The Beatles as Musicians: The Quarry Men Through Rubber Soul Walter Everett Oxford UP, New York, 2001 452 pp.

Literature on the Beatles largely (but not exclusively) falls into three principal categories. There are chronologies of the group that set out to relate, in straightforward and uncontentious style, the significant events of the Beatles' story. There are musical commentaries, in which attempts are made to investigate the circumstances and characteristics of the group's songs. And there are critical analyses that seek to locate the Beatles, and the debates they provoked, within a wider industrial and commercial context.

Walter Everett seeks to combine strands of all three approaches in this, the first in his two-volume study of the group's musical output. (Somewhat confusingly, the second volume, The Beatles As Musicians: Revolver Through the Anthology was published first.) The rigor with which he accomplishes his task is reflected in the 100+ pages of appendices, notes, and references at the end of the book; it is a hugely detailed and meticulously researched project, whose complexity of inquiry may, ironically, be one of its drawbacks. The author readily admits that "two years' study of college-level music theory would be essential to following much of this book's theoretical discussion" (vii), and is well aware of the incongruity that lies in the application of such theory to the work of composers who themselves never relied on musical notation.

But, while he recognizes that many readers might be dissuaded from an exhaustive song-by-song, instrument-by-instrument analysis, which seems unnecessarily cerebral and 'abstract', he argues that such an account is not only desirable, but essential, if the remarkable evolution of the group's music--through its composing strategies, performance practices, and recording procedures--is to be fully appreciated. Just as the music of Mozart, Beethoven, and Joachim was constrained and shaped by the technological and musical opportunities of their times, so too the music of the Beatles needs to be located within its contemporaneous boundaries.

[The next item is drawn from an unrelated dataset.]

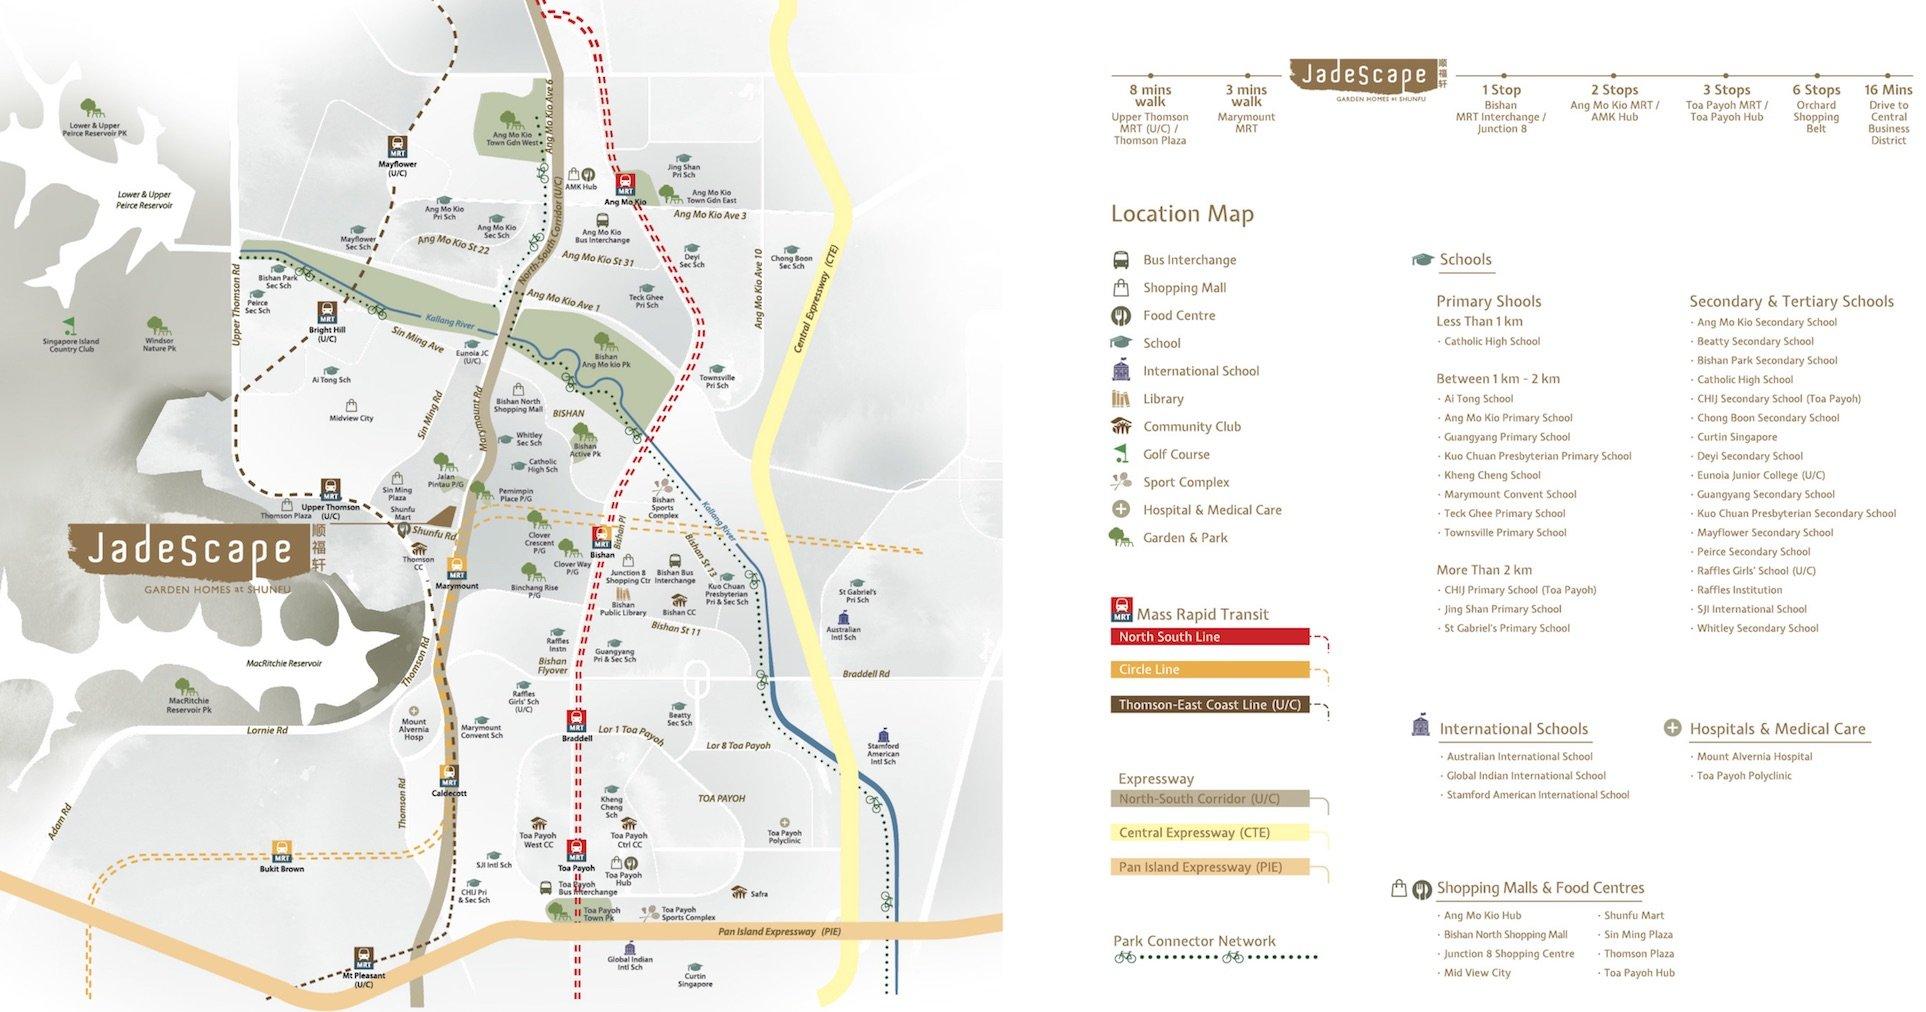 Jadescape 顺福轩 condo location map

So what do we learn from this book? While not dismissing the familiar distinction within the Lennon-McCartney songwriting partnership--John as the "intellectually inquisitive middle-class boy" (15) and Paul as the "sentimental, non-intellectual working-class craftsman" (16)--Everett is keen to extend those explanations that allow us to understand how a group that was primarily a cover band in the early years of its career was transformed into the most important force in twentieth-century popular music.

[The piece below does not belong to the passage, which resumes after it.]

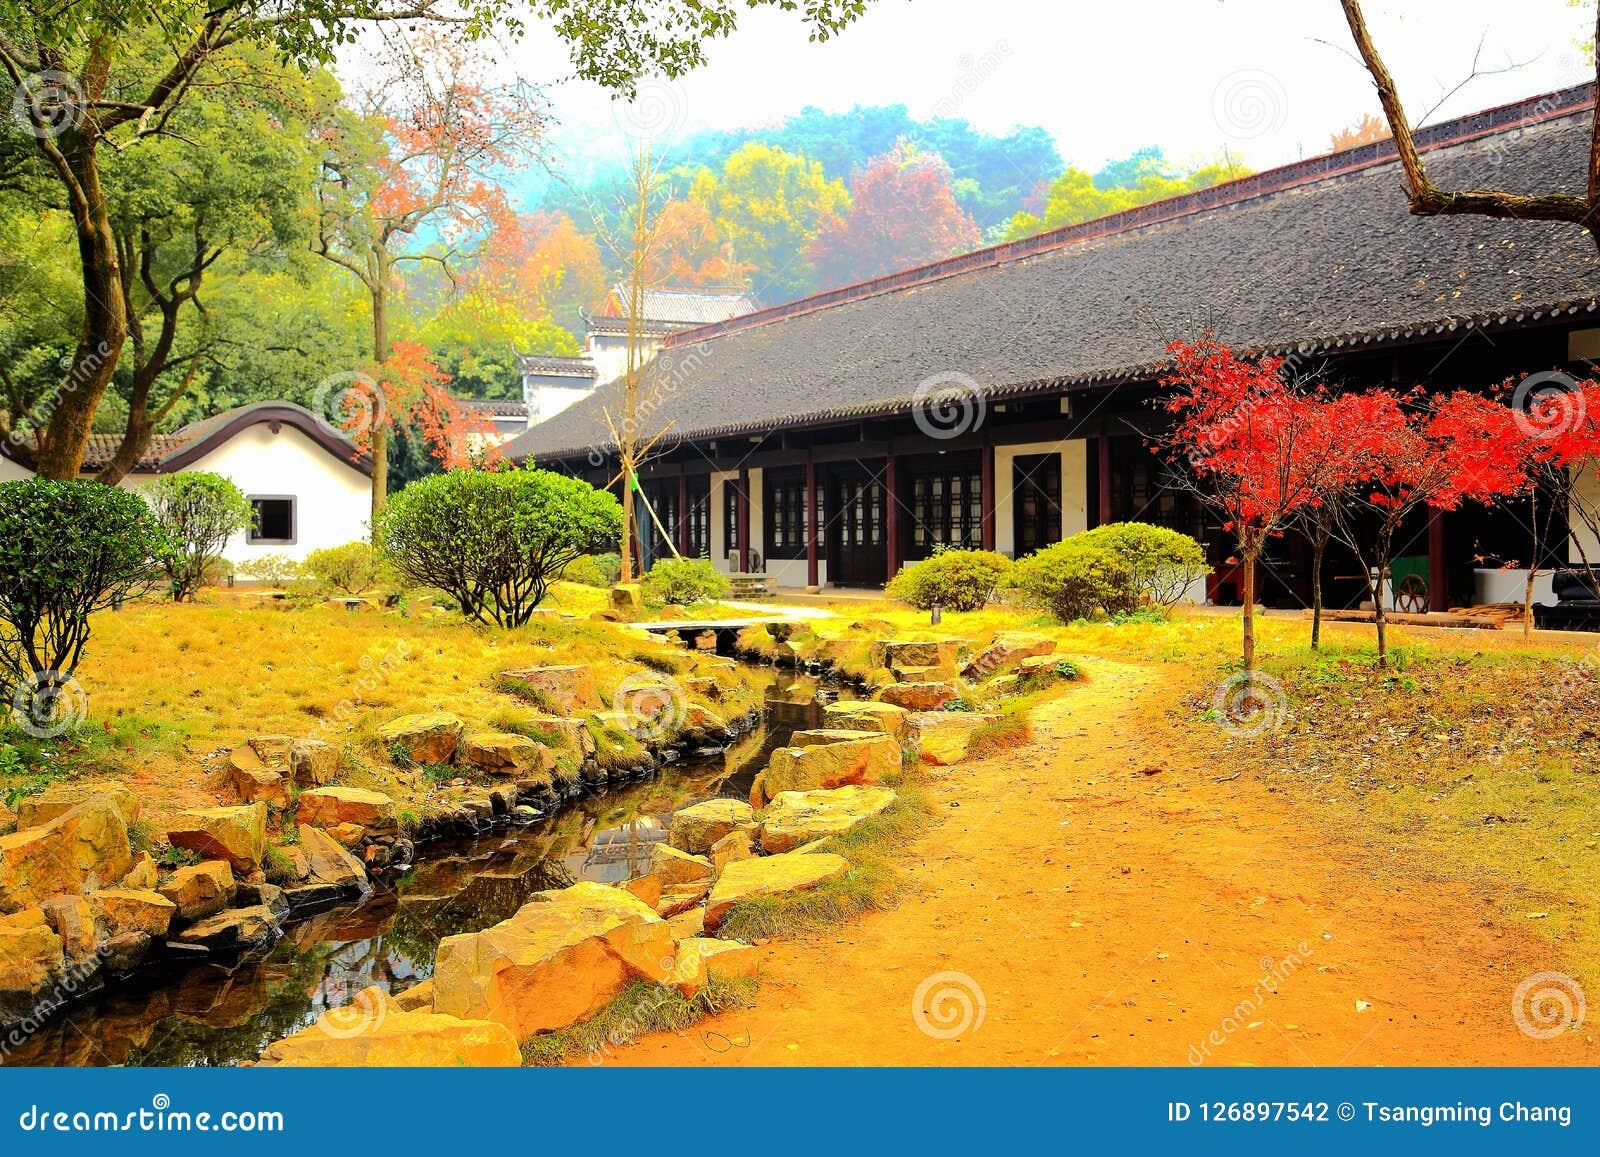 The Yuelu Academy In Yuelu Mountain In Changsha City Stock

He asserts that one such factor was the advance in studio technology (from two-track to four-track) in 1963, which permitted the regular overdubbing of backing vocals and guitars, immediately and significantly enhancing the group's recorded "sound." Even more important--and this is the central plank of Everett's argument--was the Beatles' growing interest in instrumentation. For example, Harrison's acquisition of a Rickenbacker twelve-string in 1964, Lennon's introduction to the Gibson Epiphone Casino in 1965, and McCartney's consistent preference for the Hofner "Violin" Bass were not incidental choices, but factors that offered new possibilities to the recording and composing trajectories of the group, and many of its peers. As their confidence and ingenuity as vocalists, performers, and composers grew, their (diversified) choice of instruments both mirrored and contributed to the nature of the music they created. The early and "noisy" presence in the group's work of Chuck Berry, Little Richard, and Carl Perkins gave way to music of fragility, vulnerability, and reflection; "rock" replaced rock and roll; and there was "far less emphasis on dramatic power, and a growing reliance on subtleties" (270).

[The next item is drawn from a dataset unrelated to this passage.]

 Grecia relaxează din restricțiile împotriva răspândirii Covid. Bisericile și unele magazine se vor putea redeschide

The singular importance of Ringo Starr is fully acknowledged, too: "what sets him apart ... are the expressive and idiosyncratic 'fills' that often appear at structural points, defining endings of phrases and sections, or providing transitional impetus when necessary" (120-21). And the participation of George Martin is similarly highlighted, not just for his technical skills in the control booth but also for his instrumental contributions and musical suggestions: the Steinway grand on "You Really Got a Hold on Me" and "Money," the string quartet on "Yesterday," his decision to open "She Loves You" and "Can't Buy Me Love" with the chorus rather than the verse.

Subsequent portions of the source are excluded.